## Work item
The stretch wanted below opens at the line containing "One Sankari: Address" and closes at the line containing "Rice Industry Leadership". Please return it exactly, with no other lines.

## Data extracts

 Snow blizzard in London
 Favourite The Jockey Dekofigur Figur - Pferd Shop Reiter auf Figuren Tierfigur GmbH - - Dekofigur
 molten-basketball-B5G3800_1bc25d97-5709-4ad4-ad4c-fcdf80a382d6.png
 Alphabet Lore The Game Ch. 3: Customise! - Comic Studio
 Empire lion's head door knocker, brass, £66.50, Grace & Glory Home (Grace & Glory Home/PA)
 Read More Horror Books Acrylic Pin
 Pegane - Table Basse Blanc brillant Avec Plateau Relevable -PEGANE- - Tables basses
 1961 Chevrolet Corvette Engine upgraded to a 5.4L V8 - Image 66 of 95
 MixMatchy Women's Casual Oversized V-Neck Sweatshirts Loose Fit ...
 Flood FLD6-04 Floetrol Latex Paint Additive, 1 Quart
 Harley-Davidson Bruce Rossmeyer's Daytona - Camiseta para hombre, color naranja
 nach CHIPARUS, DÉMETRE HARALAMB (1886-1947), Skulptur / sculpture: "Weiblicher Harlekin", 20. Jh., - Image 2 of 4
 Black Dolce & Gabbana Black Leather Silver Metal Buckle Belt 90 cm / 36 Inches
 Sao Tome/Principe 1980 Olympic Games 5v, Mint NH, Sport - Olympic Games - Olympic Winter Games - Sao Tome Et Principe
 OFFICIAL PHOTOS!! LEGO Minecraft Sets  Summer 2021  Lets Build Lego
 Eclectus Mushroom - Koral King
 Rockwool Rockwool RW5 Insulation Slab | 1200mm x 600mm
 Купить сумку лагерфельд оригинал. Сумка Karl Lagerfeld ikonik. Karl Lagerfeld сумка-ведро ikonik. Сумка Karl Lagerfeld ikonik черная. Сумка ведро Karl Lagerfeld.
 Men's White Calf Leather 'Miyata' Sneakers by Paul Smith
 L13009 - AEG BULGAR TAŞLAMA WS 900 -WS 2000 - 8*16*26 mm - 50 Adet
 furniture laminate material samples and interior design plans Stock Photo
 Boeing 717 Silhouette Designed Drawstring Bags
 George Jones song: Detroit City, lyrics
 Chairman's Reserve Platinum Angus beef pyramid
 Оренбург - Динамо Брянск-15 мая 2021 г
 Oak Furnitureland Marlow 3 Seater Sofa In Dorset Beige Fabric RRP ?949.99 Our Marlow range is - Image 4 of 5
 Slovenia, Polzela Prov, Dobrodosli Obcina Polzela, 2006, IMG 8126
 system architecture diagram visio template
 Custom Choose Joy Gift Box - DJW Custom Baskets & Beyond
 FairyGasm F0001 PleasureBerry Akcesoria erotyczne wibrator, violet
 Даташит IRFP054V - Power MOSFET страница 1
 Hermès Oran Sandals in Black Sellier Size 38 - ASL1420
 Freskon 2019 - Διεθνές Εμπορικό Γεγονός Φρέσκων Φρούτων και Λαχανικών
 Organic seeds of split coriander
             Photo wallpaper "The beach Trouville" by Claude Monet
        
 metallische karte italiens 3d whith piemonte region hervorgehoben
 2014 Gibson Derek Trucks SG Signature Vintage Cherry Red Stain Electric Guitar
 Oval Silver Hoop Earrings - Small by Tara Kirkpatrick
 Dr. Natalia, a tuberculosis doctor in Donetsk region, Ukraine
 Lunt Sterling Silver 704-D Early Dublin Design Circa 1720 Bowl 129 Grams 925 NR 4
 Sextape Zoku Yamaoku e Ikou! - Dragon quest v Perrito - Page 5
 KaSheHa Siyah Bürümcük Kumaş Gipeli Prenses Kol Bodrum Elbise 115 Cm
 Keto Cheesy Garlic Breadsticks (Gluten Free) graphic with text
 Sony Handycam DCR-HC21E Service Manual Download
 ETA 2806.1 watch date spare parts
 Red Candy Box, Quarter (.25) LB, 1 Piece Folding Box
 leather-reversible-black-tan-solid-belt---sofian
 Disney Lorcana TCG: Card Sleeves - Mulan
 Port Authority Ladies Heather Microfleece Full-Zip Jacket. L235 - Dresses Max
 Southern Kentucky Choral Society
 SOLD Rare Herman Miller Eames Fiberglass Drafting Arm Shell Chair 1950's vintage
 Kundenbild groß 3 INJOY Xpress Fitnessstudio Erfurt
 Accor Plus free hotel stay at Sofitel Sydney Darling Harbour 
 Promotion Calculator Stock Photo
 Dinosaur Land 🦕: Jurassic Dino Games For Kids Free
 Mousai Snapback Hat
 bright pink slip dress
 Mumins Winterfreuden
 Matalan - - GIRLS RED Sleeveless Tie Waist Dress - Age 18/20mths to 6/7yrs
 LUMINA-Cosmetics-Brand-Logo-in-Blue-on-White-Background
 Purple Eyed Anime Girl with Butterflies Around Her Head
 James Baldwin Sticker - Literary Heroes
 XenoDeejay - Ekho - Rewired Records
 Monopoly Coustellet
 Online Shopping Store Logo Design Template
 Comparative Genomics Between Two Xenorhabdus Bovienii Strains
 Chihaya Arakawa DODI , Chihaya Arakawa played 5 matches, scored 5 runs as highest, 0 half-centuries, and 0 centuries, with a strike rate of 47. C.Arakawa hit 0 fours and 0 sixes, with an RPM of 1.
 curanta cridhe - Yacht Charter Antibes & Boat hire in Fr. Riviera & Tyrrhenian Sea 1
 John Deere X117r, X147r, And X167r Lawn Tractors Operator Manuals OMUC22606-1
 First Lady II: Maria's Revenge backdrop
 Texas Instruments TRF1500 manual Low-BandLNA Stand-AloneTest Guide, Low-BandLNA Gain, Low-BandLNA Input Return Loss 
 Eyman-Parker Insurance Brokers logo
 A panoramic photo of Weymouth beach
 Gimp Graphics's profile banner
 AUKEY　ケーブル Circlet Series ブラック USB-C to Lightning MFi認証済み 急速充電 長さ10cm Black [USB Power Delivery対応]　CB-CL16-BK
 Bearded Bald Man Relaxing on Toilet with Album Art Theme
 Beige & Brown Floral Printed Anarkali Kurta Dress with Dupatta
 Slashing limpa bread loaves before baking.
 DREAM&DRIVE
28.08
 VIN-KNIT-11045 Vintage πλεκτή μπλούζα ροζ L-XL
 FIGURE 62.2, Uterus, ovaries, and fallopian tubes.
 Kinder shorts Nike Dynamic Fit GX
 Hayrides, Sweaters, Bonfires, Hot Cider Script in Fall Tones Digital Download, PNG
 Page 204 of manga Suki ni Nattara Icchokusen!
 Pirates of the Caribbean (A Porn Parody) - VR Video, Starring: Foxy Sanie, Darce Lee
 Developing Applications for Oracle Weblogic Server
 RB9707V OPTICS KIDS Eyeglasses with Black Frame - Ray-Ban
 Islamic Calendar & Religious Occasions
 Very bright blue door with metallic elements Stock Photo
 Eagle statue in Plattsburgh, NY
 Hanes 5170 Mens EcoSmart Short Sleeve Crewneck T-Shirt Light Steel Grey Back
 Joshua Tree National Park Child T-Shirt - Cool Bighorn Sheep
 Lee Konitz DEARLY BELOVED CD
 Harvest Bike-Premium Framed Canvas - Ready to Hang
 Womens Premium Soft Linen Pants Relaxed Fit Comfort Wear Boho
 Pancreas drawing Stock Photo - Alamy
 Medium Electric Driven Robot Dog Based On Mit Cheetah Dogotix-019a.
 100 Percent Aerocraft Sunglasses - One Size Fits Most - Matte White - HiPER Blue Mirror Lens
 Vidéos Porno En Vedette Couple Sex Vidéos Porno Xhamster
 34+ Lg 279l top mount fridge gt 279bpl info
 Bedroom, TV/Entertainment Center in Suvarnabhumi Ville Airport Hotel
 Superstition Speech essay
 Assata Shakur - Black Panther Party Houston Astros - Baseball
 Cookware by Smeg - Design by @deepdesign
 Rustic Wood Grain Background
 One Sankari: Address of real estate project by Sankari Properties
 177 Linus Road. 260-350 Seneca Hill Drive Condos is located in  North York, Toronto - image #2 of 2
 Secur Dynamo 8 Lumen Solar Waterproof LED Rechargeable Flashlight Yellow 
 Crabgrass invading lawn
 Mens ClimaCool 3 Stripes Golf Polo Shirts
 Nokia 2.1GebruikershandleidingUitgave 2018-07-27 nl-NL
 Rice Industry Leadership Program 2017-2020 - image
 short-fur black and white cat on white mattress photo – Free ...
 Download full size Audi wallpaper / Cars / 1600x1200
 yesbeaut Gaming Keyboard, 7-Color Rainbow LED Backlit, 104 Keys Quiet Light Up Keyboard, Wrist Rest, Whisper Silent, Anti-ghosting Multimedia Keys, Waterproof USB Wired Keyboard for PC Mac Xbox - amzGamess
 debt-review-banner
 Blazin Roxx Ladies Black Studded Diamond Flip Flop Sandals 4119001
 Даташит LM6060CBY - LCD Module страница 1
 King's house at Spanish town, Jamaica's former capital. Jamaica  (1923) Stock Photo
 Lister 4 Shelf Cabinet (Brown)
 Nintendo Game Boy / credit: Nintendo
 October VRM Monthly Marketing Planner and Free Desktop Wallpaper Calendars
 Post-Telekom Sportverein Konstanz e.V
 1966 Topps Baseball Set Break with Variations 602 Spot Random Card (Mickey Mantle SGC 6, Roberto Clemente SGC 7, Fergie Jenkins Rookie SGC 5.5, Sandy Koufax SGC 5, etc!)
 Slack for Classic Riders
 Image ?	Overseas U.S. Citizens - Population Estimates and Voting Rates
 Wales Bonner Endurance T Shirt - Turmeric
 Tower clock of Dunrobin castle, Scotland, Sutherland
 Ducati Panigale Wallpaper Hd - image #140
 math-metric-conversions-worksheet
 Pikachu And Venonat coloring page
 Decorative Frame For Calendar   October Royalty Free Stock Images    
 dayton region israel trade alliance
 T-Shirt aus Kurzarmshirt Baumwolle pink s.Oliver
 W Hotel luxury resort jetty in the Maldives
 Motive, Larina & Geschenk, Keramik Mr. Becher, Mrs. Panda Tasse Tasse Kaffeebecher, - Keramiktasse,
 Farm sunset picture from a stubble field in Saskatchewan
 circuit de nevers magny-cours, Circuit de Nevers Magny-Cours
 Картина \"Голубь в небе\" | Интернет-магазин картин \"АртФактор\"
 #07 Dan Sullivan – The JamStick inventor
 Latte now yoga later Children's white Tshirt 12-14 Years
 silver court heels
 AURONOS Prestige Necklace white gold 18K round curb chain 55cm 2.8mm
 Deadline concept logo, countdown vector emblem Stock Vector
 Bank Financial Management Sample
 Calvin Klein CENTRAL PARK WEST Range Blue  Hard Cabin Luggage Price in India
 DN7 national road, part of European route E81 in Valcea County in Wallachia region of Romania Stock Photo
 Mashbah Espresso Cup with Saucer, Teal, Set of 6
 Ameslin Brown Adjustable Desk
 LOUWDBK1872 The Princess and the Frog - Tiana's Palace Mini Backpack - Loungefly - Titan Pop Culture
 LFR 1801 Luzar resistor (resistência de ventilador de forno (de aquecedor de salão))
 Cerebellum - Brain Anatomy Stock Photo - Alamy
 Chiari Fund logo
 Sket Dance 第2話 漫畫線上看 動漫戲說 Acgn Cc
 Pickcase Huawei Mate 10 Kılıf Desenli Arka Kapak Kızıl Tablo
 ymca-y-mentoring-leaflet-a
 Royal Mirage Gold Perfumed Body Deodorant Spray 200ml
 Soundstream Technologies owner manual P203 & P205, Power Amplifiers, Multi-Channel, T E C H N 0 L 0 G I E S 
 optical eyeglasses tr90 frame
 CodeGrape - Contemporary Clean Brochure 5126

## Result
 One Sankari: Address of real estate project by Sankari Properties
 177 Linus Road. 260-350 Seneca Hill Drive Condos is located in  North York, Toronto - image #2 of 2
 Secur Dynamo 8 Lumen Solar Waterproof LED Rechargeable Flashlight Yellow 
 Crabgrass invading lawn
 Mens ClimaCool 3 Stripes Golf Polo Shirts
 Nokia 2.1GebruikershandleidingUitgave 2018-07-27 nl-NL
 Rice Industry Leadership Program 2017-2020 - image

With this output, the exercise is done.